• _WORK REQUEST_:
From the records, pick out and copy each line containing "Sunset".

[GIVEN RECORDS — start]

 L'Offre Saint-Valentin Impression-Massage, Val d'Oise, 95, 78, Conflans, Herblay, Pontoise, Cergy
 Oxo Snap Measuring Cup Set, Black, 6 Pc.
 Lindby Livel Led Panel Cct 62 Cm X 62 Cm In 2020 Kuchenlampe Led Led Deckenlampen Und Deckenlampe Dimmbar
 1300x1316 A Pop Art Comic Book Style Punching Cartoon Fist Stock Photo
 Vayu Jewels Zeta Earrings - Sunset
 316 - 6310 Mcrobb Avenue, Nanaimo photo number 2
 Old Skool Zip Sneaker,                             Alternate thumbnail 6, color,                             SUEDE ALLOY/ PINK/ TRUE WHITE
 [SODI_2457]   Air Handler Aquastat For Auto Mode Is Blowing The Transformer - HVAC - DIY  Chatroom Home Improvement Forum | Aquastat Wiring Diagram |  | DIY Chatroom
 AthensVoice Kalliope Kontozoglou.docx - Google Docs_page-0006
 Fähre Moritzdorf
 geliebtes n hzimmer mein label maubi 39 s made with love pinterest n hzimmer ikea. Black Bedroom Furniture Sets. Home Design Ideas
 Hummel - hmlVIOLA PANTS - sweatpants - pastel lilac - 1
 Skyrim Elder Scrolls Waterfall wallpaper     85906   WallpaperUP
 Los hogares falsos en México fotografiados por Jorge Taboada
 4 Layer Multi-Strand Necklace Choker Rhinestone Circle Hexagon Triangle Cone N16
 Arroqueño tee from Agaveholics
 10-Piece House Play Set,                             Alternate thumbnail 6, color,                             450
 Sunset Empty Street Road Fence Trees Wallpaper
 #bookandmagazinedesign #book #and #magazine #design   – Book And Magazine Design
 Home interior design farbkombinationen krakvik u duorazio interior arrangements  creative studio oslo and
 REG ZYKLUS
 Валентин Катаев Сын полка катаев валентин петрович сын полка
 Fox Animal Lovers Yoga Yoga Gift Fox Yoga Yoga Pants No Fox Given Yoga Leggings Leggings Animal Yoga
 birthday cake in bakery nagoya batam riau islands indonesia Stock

[GIVEN RECORDS — finish]

• _FINISHED EXERCISE_:
 Vayu Jewels Zeta Earrings - Sunset
 Sunset Empty Street Road Fence Trees Wallpaper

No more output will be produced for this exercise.